High-level recommended steps are:

  • Keep saving audit logs
  • Encourage users and developers to register applications in Azure (not in SharePoint)
  • Start providing Sites.Selected permissions
  • Disable ability for site owners to use AppRegNew and AppInv
    Stop registering service principals via AppRegNew and providing ACS permissions via AppInv
  • Pull report on existing Apps that use ACS permissions
  • Notify developers and users of the ACS apps
  • Switch ACS off earlier than Microsoft

Thinkin on devs – keep in mind:
– ACS apps have a huge legacy – tons of articles and code examples and so on…
– Switching to a modern authentication method would require changes in code (though minor, but still), so developers must be engaged
– Any change in code would require another round of code compilation, testing, deploying etc.

That means it is not easy (sometimes it is not even possible) to adopt a new modern authentication method.
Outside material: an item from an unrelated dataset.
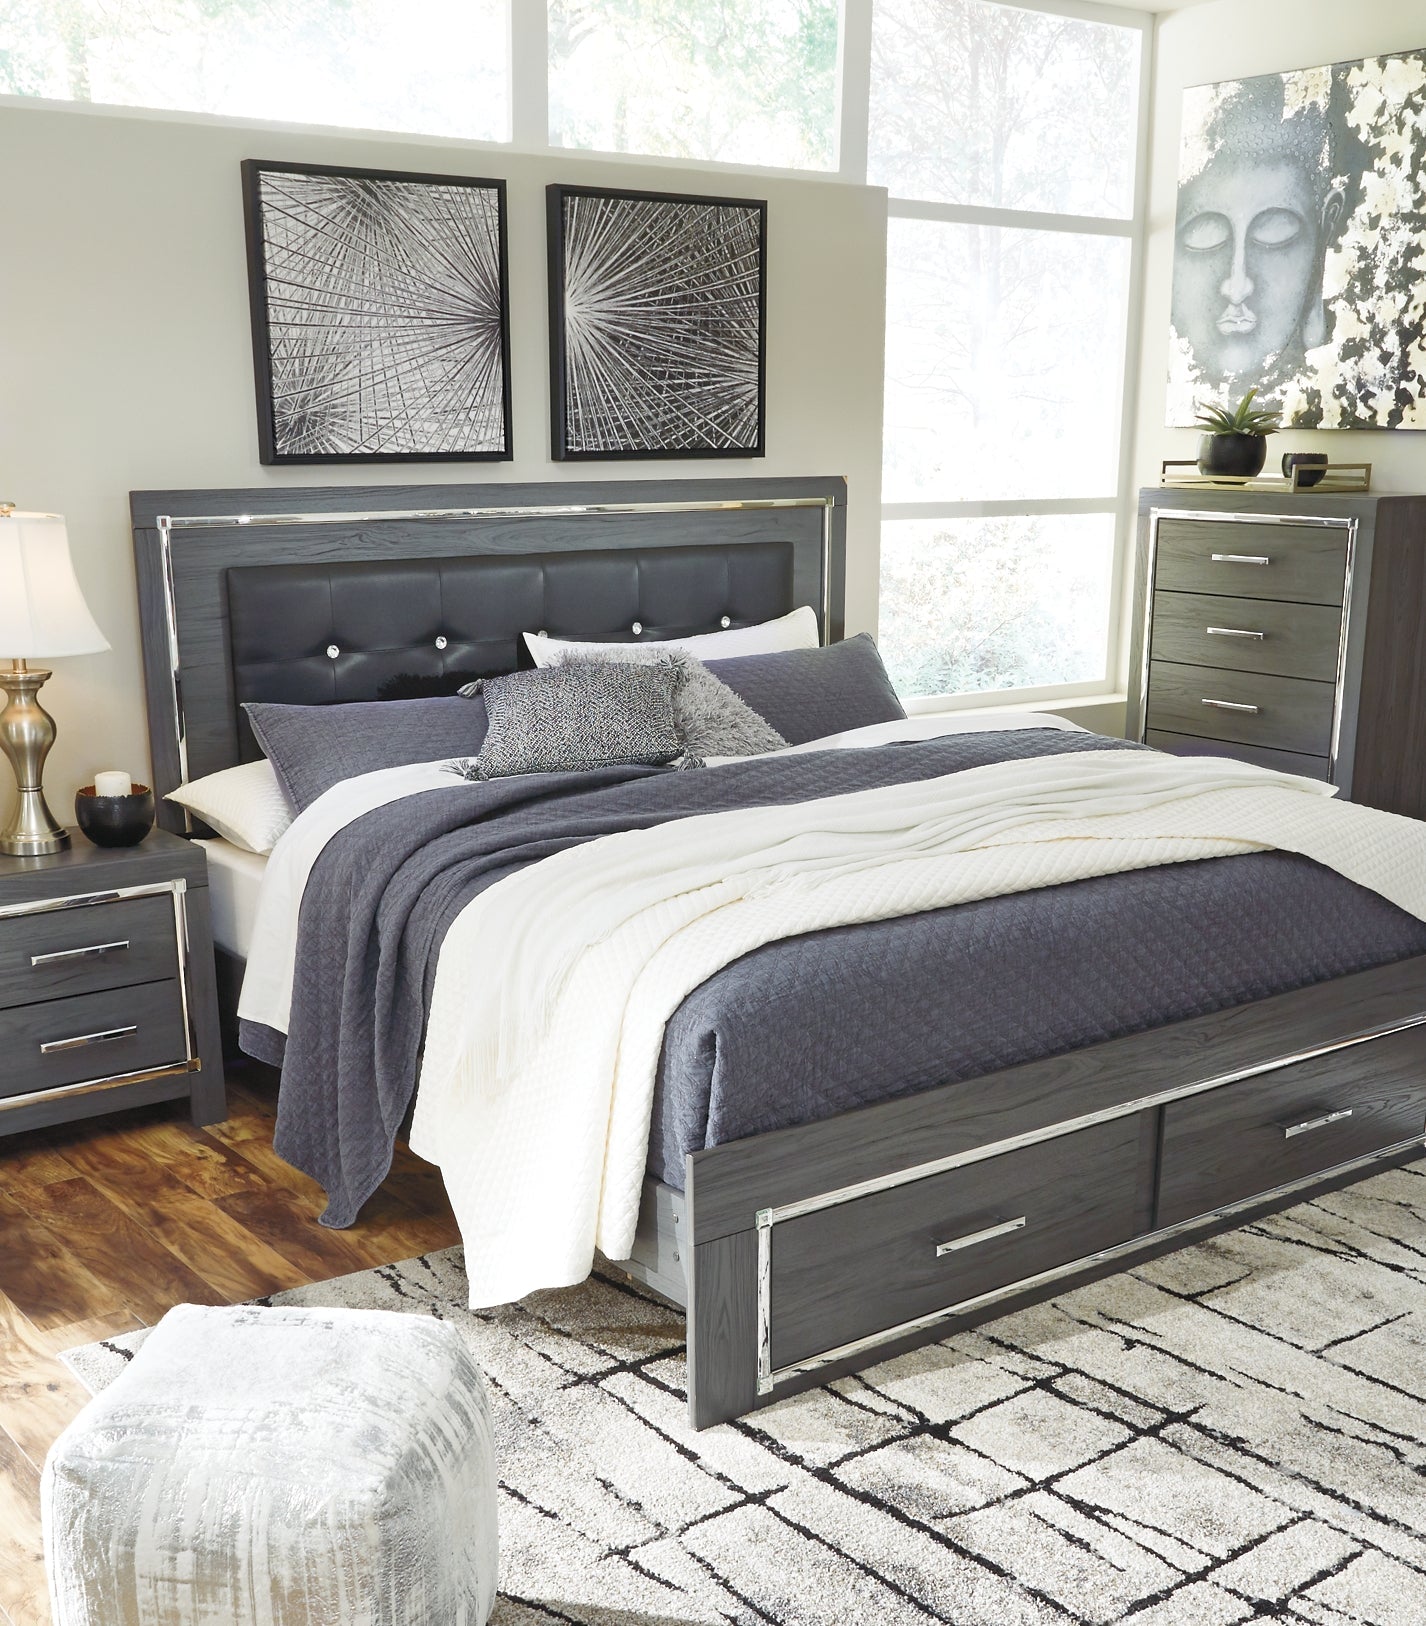 Lodanna Queen Panel Bed with 2 Storage Drawers at Cloud 9 Mattress & Furniture furniture, home furnishing, home decor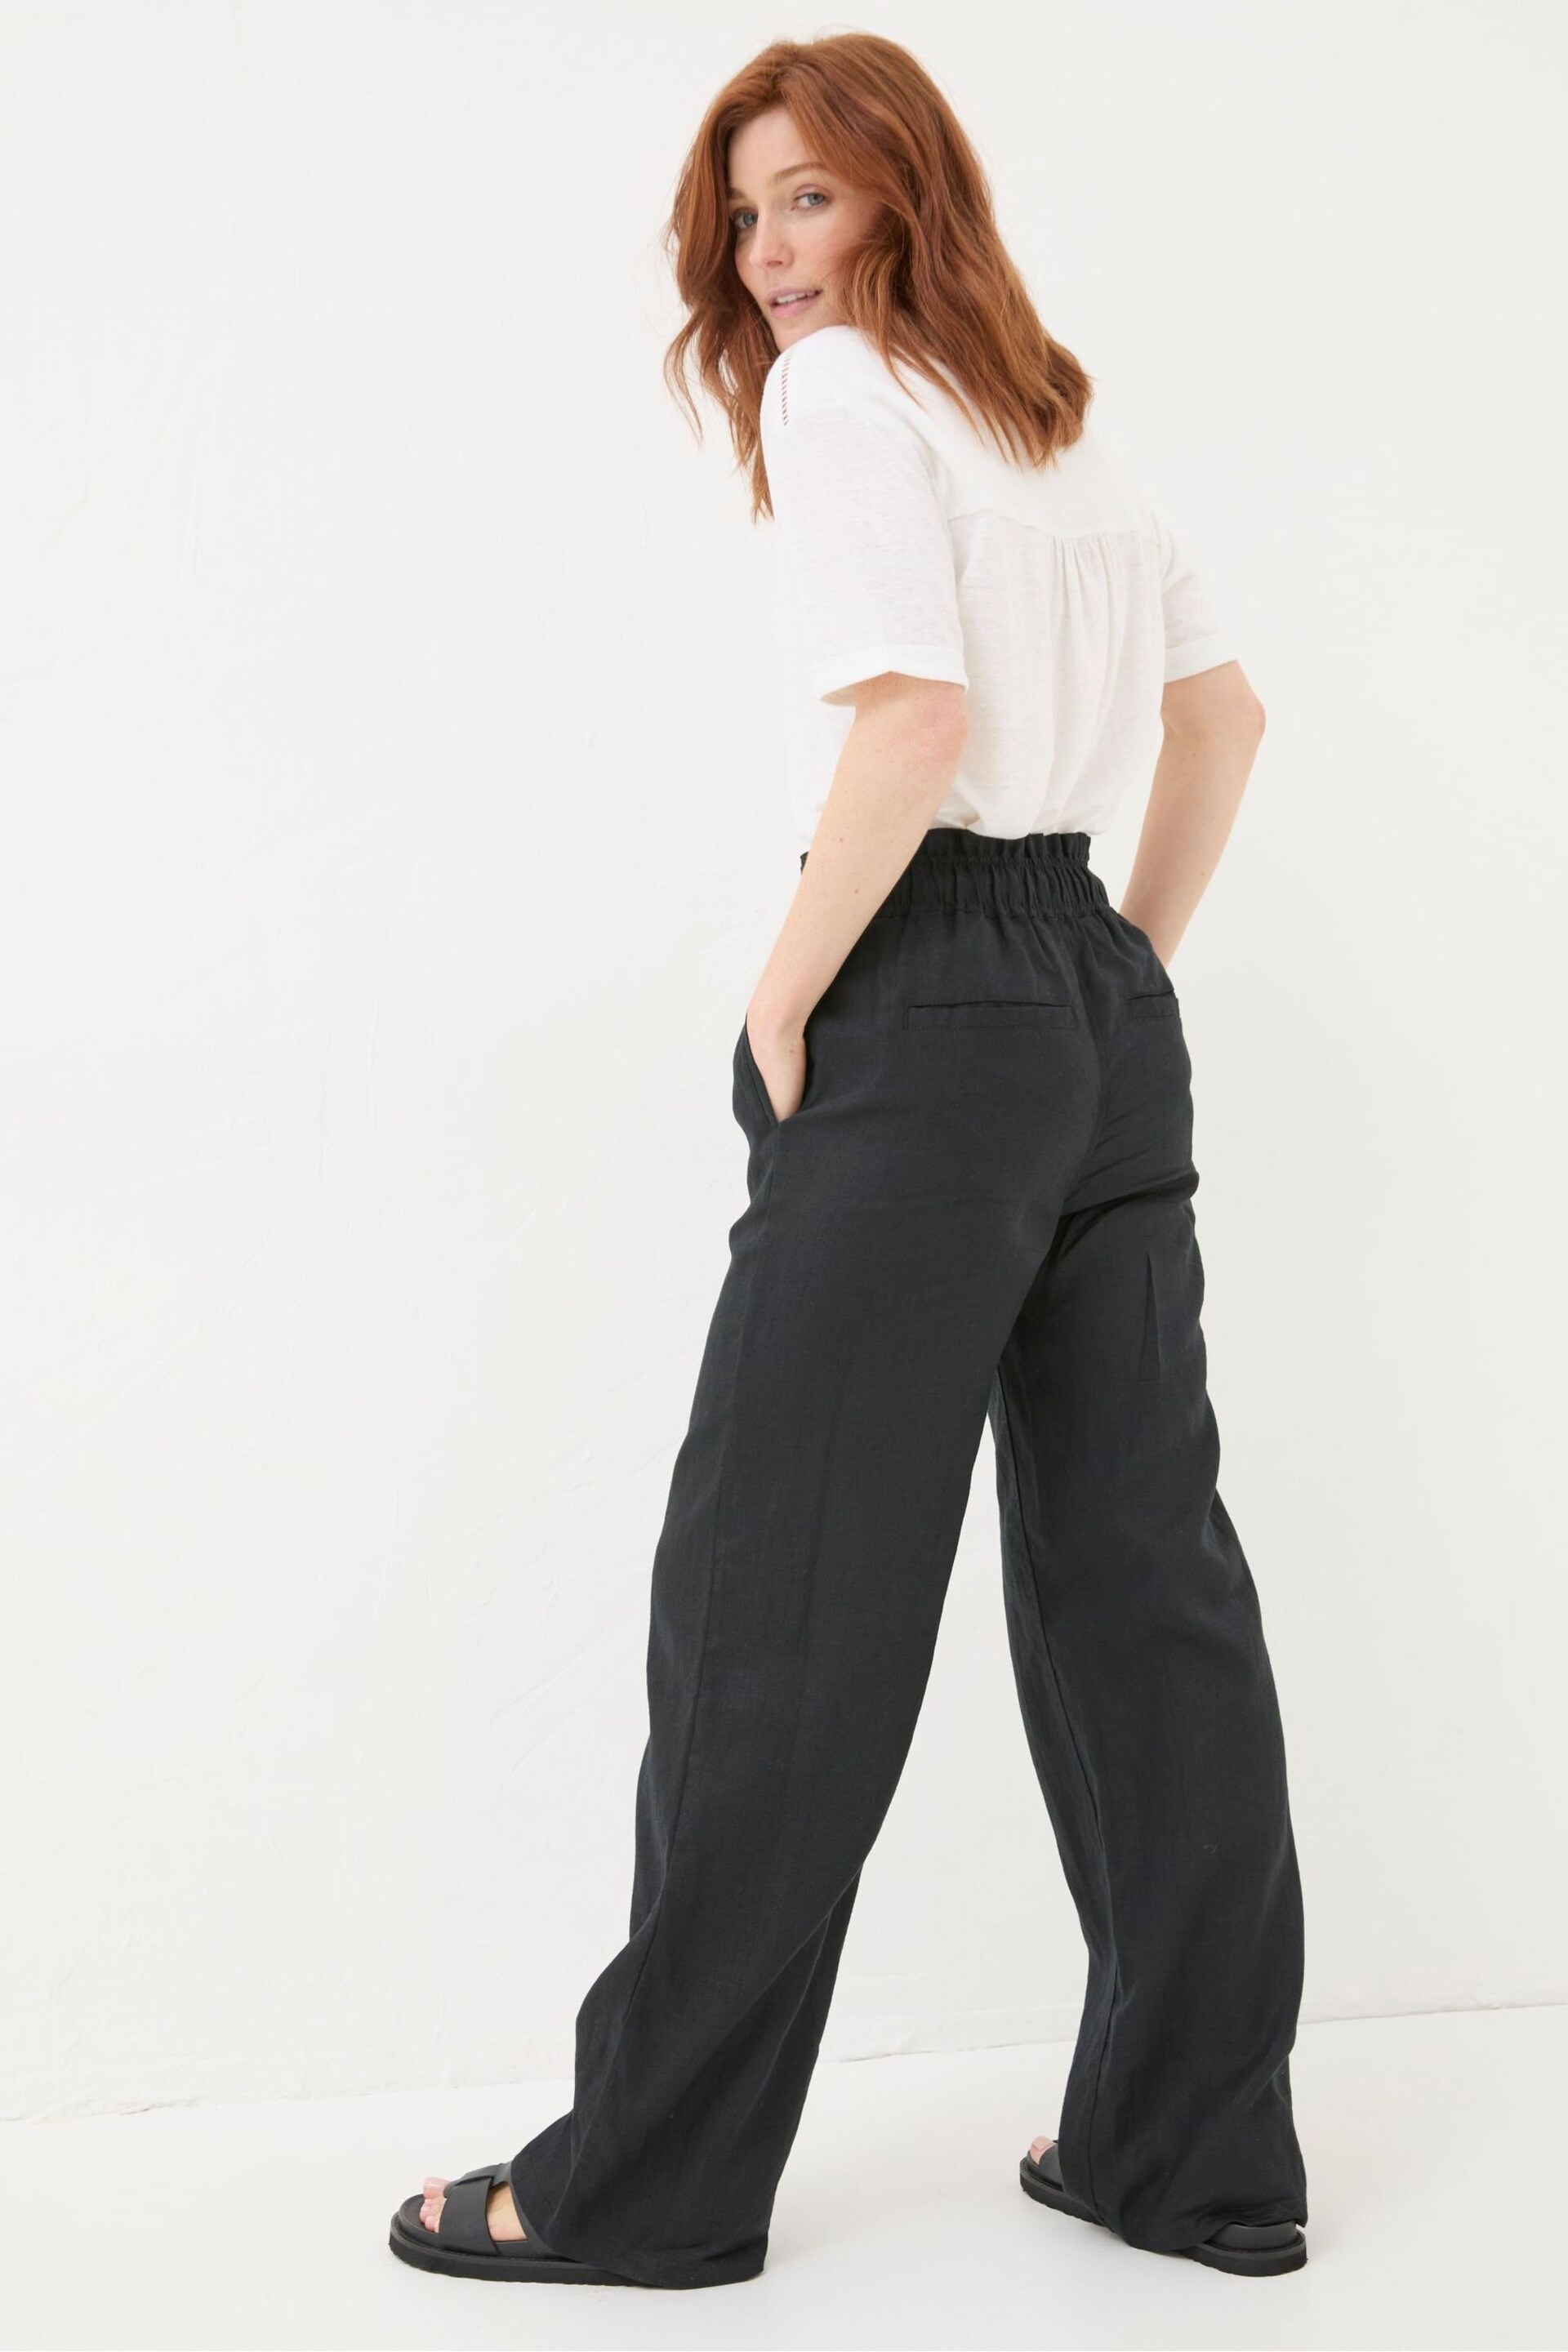 FatFace Black Iva Wide Leg Linen Trousers - Image 2 of 6

It requires efforts and time, so you need to notify dev as earlier as possible. So it is crucial to complete steps above and start communicating to users as earlier as possible.

Detailed steps for SharePoint administrators:

Keep audit logs

This should be done in advance, but if you did not – starting today and until it’s over you’d get audit logs from Microsoft 365 purview center – consider selecting all events with record type SharePointAppPermissionOperation. Also might be helpful to keep events anyone visited appinv.aspx or appregnew.aspx page. Pull logs now starting with earliest available event (usually 90 days). Some audit logs are available only through Microsoft Graph API. See more details regarding audit logs for ACS tracking KBA.

Encourage users registering applications in Azure (not in SharePoint)

Creating App Registrations in Azure is usually not what SharePoint admins do. Sometimes users are allowed to register apps, sometimes it is blocked for a regular user and done by identity management (or so) but the main idea – users and developers should be able to get service principals (App Registrations) in Azure. Users would need Sites.Selected permissions consented (see more about Sites.Selected) or granular permissions consented (more on granular permissions to SharePoint).

Some pro’s of App Registered in Entra Id (vs SharePoint App-only service principals):
– It supports authentication with client secret and/or certificate, custom expiration time
– It supports both APIs – Microsoft Graph API and classic SharePoint REST API

Be prepared to instruct users how to get and use certificates in their app registrations.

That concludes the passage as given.